> **Data shown**
=== Section Start ===

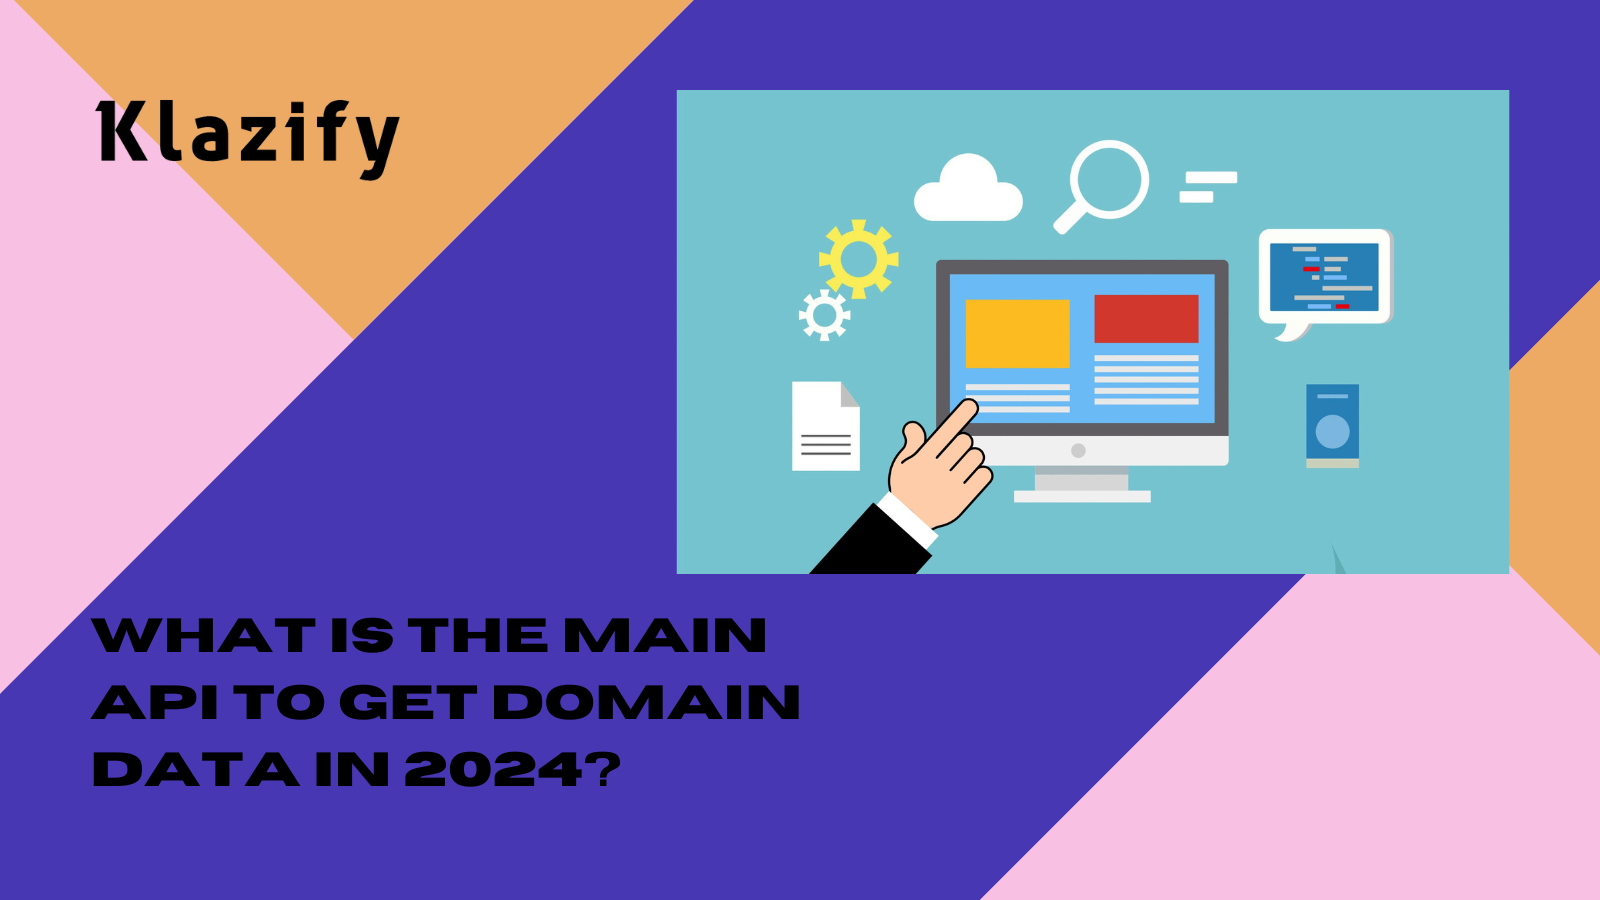 What Is The Main API To Get Domain Data In 2024?
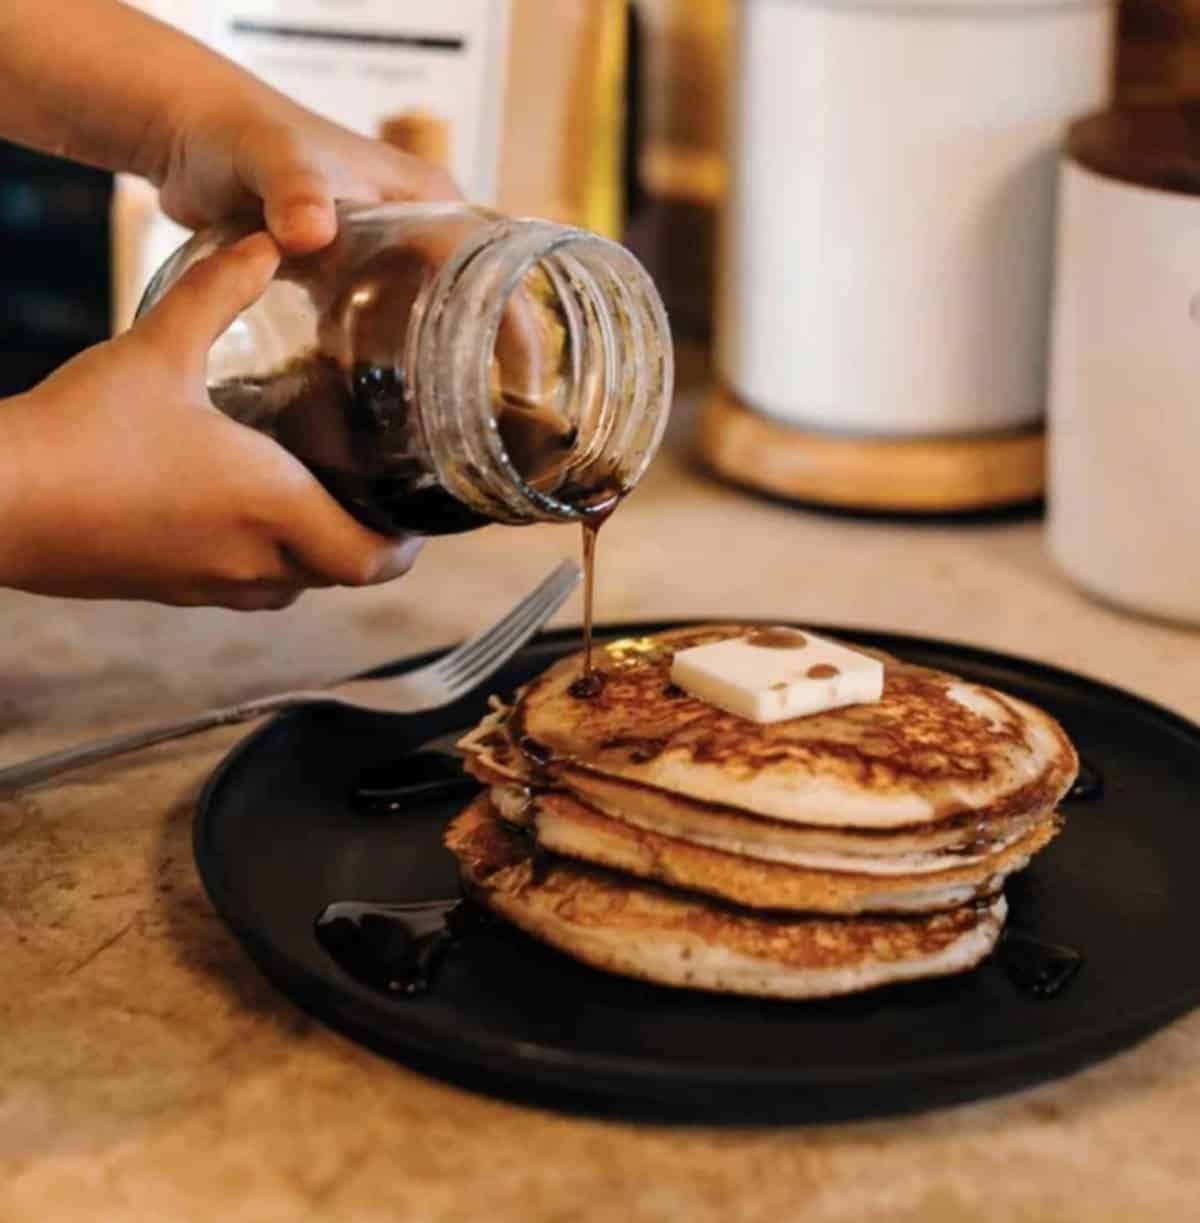 Hands holding a jar of syrup and pouring it over a stack of vegan pancakes on a plate.
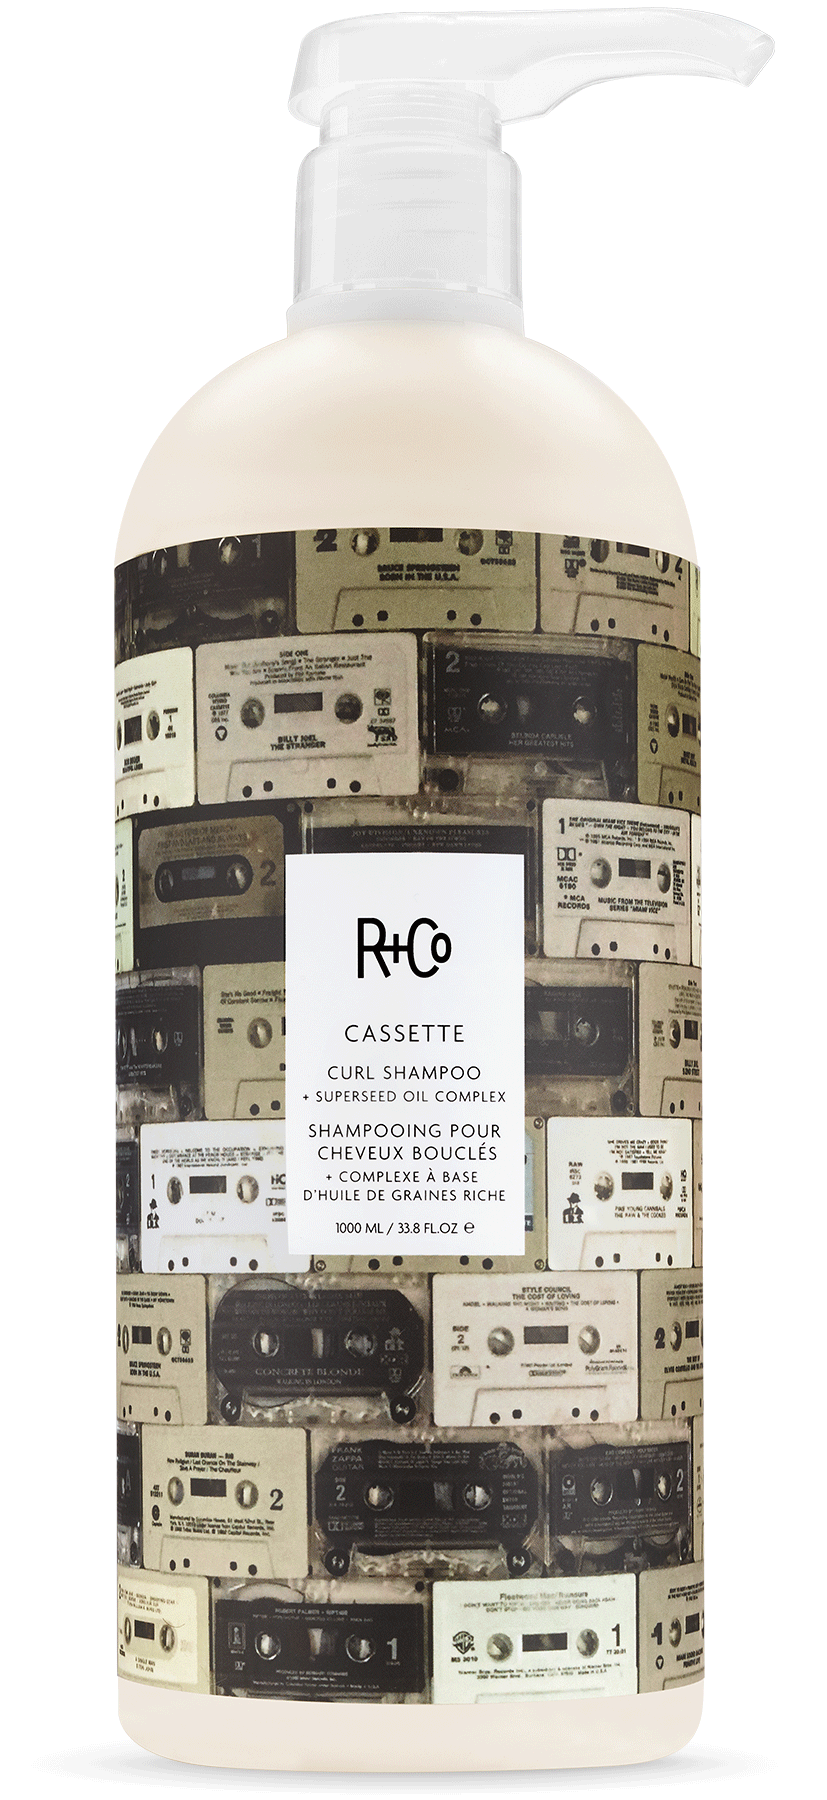 R+CO-Cassette Curl-Defining Shampoo + Superseed Oil Complex
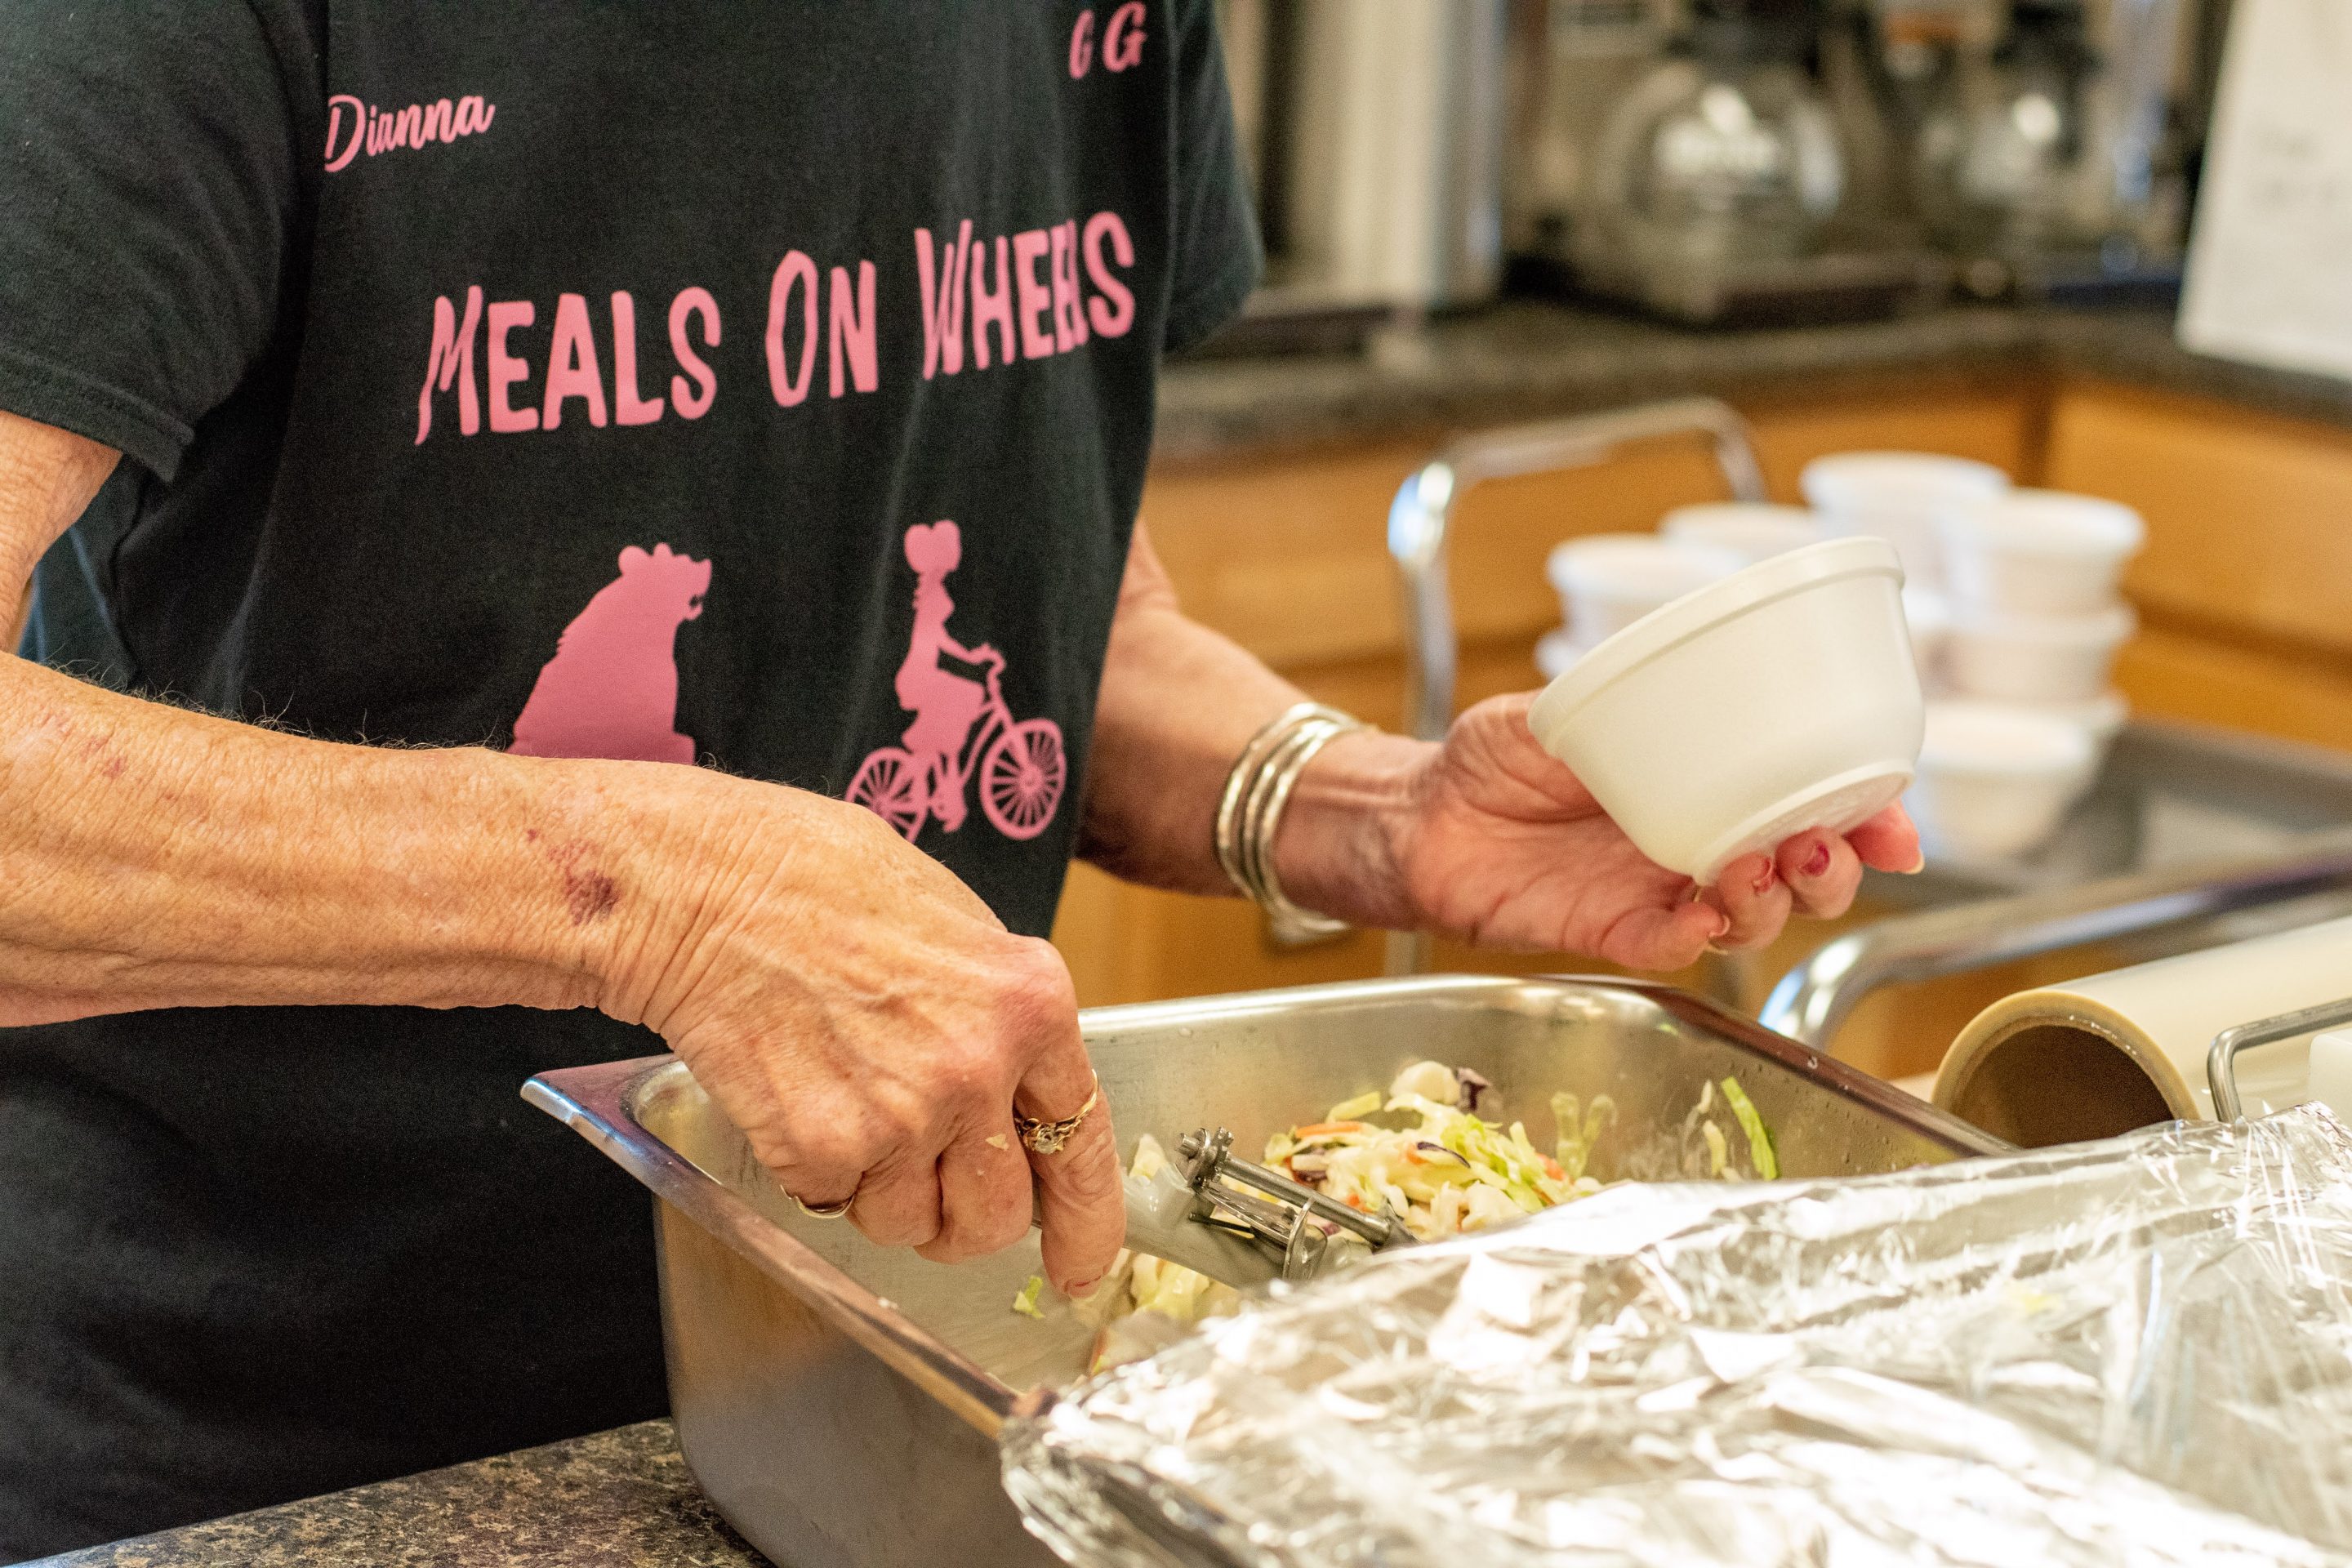 Volunteer scooping food into a to-go container for meal delivery

=== Section End ===

Copy out the material exactly as it stands, though no picture should appear in the copy.

> **Answer space**
 What Is The Main API To Get Domain Data In 2024?
 Hands holding a jar of syrup and pouring it over a stack of vegan pancakes on a plate.
 R+CO-Cassette Curl-Defining Shampoo + Superseed Oil Complex
 Volunteer scooping food into a to-go container for meal delivery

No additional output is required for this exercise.